Added metapool support for UDS Tickets

2024-12-25 23:21:41 +03:00 · 2021-04-26 11:44:31 +02:00 · 2021-04-26 11:44:31 +02:00 · 84ca0b2e41
commit 84ca0b2e41
parent 5355c7e420
3 changed files with 60 additions and 34 deletions
--- a/server/src/uds/REST/methods/tickets.py
+++ b/server/src/uds/REST/methods/tickets.py
@ -129,6 +129,9 @@ class Tickets(Handler):
        userIp: typing.Optional[str] = self._params.get('userIp', None)

        try:
+            servicePoolId = None
+            transportId = None
+
            authId = self._params.get('authId', None)
            authName = self._params.get('auth', None)
            authTag = self._params.get('authTag', self._params.get('authSmallName', None))
@ -161,39 +164,61 @@ class Tickets(Handler):
            realname: str = self._params.get('realname', self._params['username'])

            if 'servicePool' in self._params:
-                servicePool: models.ServicePool = models.ServicePool.objects.get(uuid=processUuid(self._params['servicePool']))
+                # Check if is pool or metapool
+                poolUuid = processUuid(self._params['servicePool'])
+                pool : typing.Union[models.ServicePool, models.MetaPool]

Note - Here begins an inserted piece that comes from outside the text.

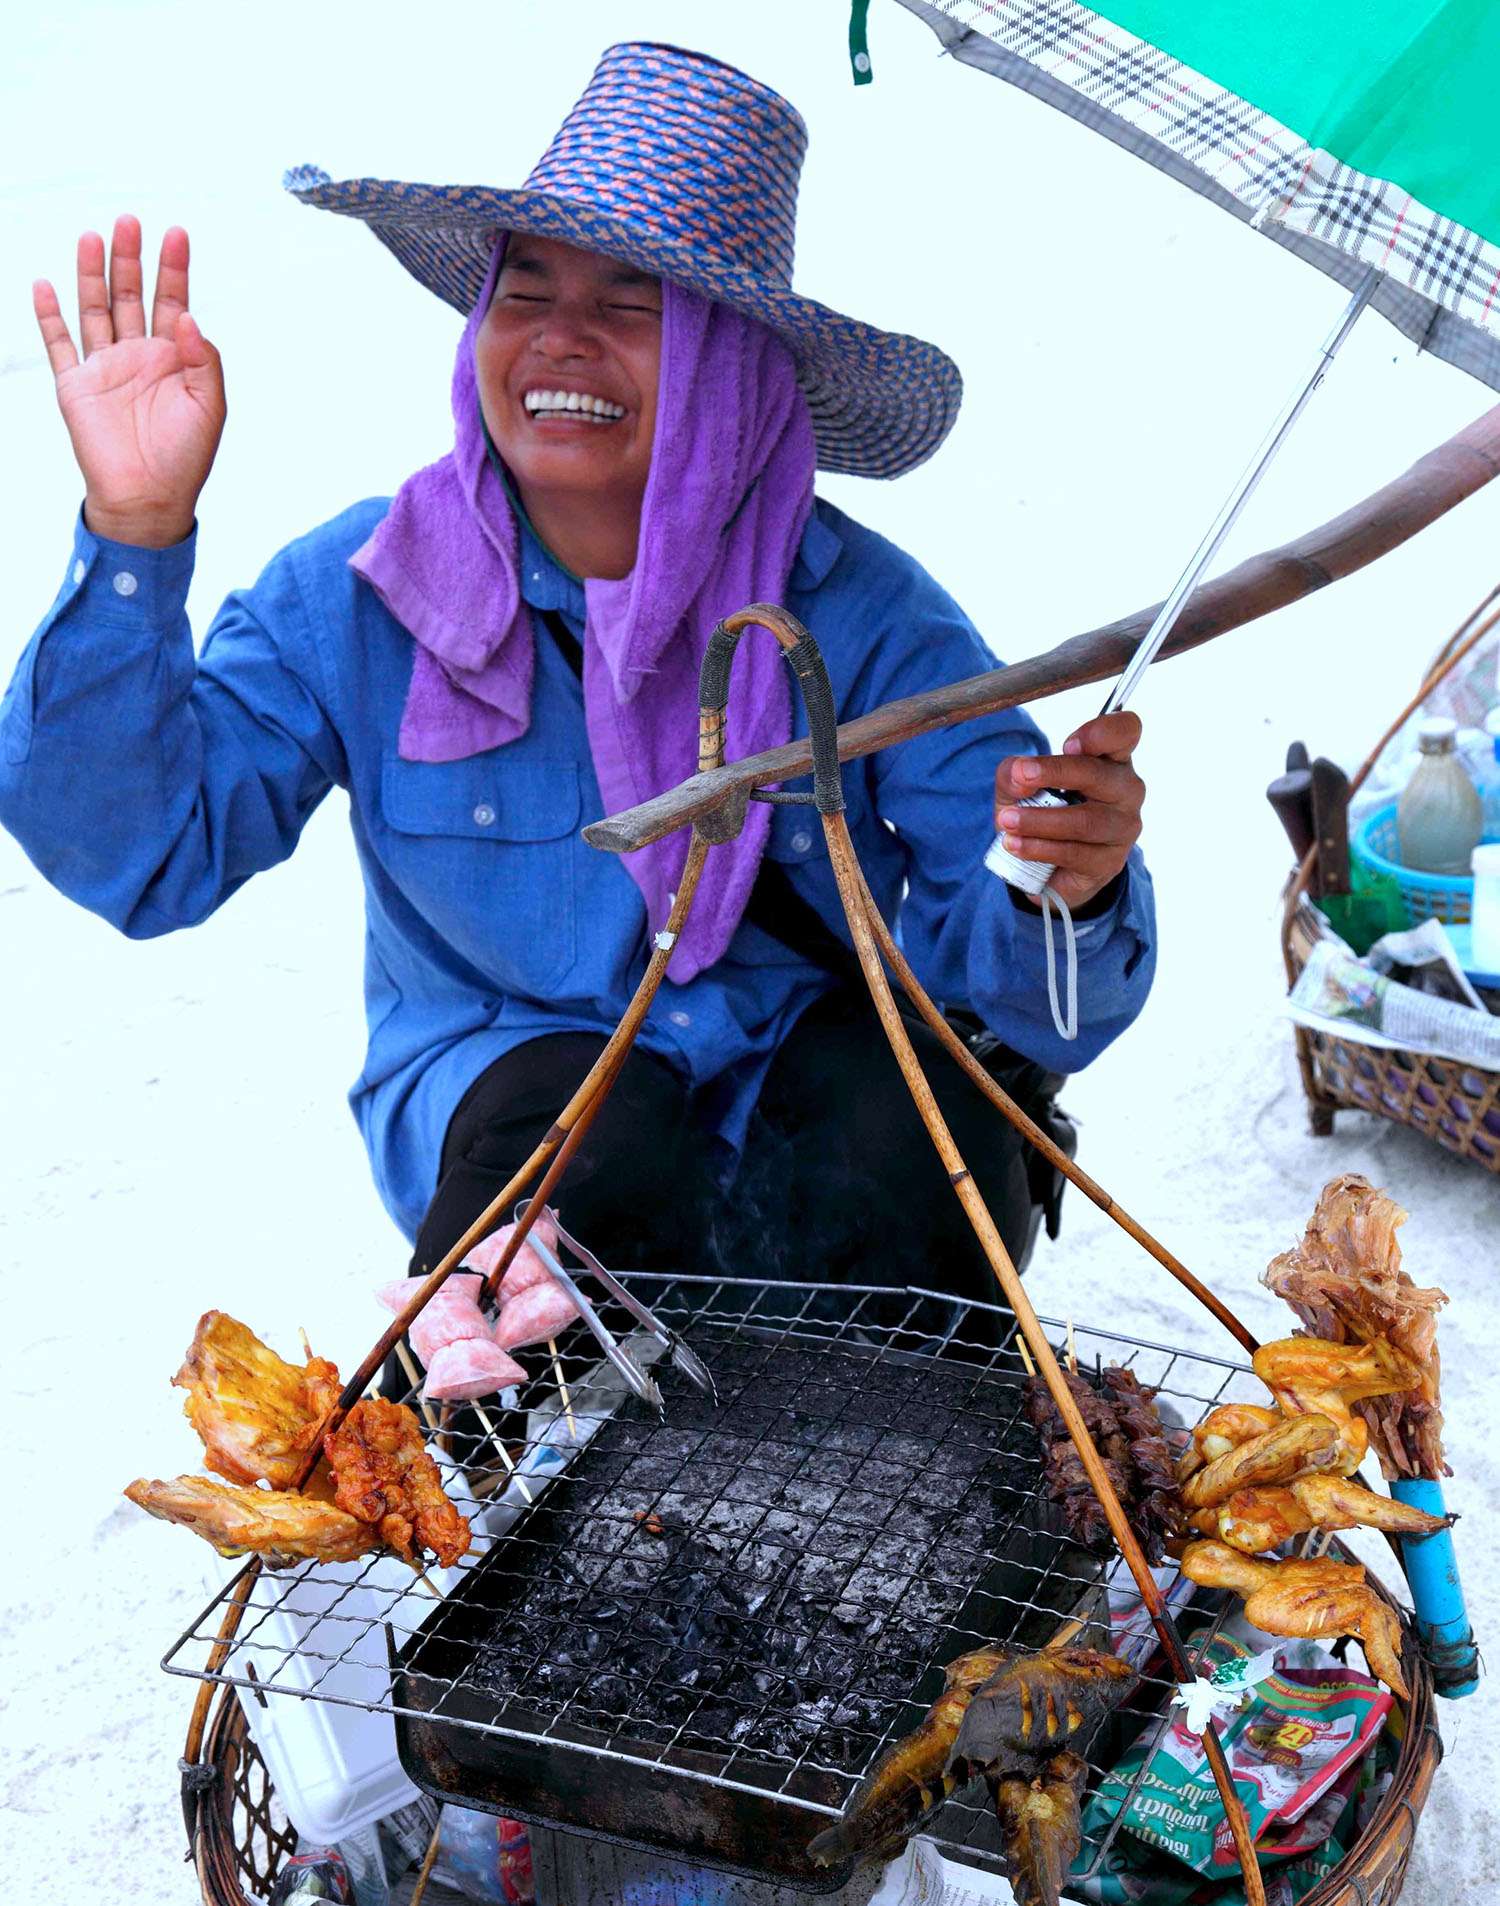 Thai woman, beach vendor, selling fried chicken.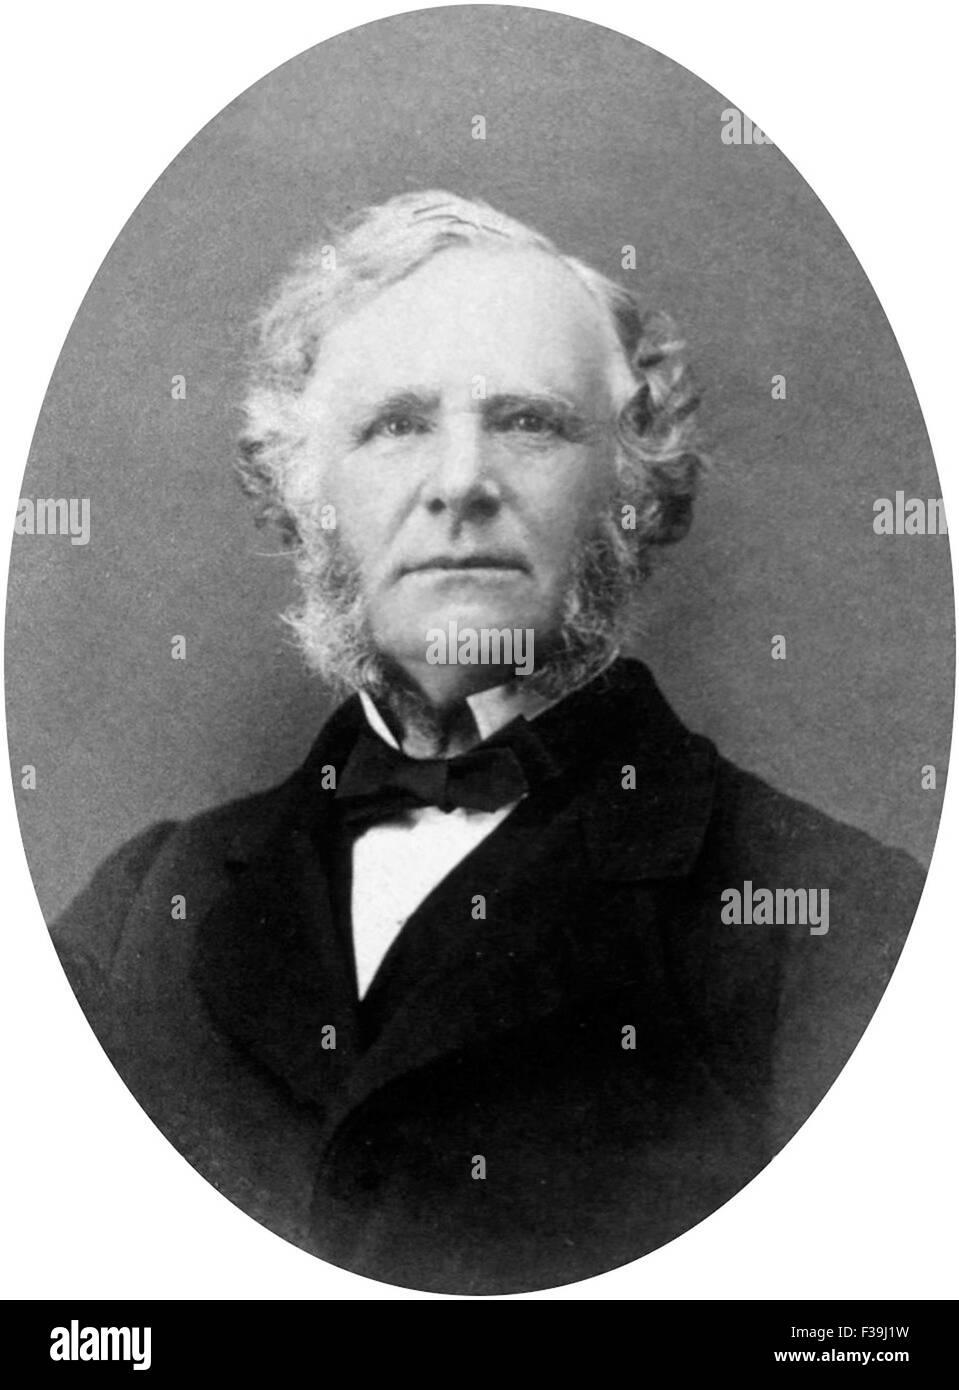 Sir William James Erasmus Wilson, Sir Erasmus Wilson, English surgeon and dermatologist - Stock Image

-                # If forced that servicePool must honor groups
-                if force:
-                    for addGrp in set(groupIds) - set(servicePool.assignedGroups.values_list('uuid', flat=True)):
-                        servicePool.assignedGroups.add(auth.groups.get(uuid=addGrp))
+                try:
+                    pool = typing.cast(models.MetaPool, models.MetaPool.objects.get(uuid=poolUuid))  # If not an metapool uuid, will process it as a servicePool
+                    if force:
+                        # First, add groups to metapool
+                        for addGrp in set(groupIds) - set(pool.assignedGroups.values_list('uuid', flat=True)):
+                            pool.assignedGroups.add(auth.groups.get(uuid=addGrp))
+                        # And now, to ALL metapool members
+                        for memberPool in pool.members.all():
+                            # First, add groups to metapool
+                            for addGrp in set(groupIds) - set(memberPool.assignedGroups.values_list('uuid', flat=True)):
+                                memberPool.assignedGroups.add(auth.groups.get(uuid=addGrp))
+                            
+                    # For metapool, transport is ignored..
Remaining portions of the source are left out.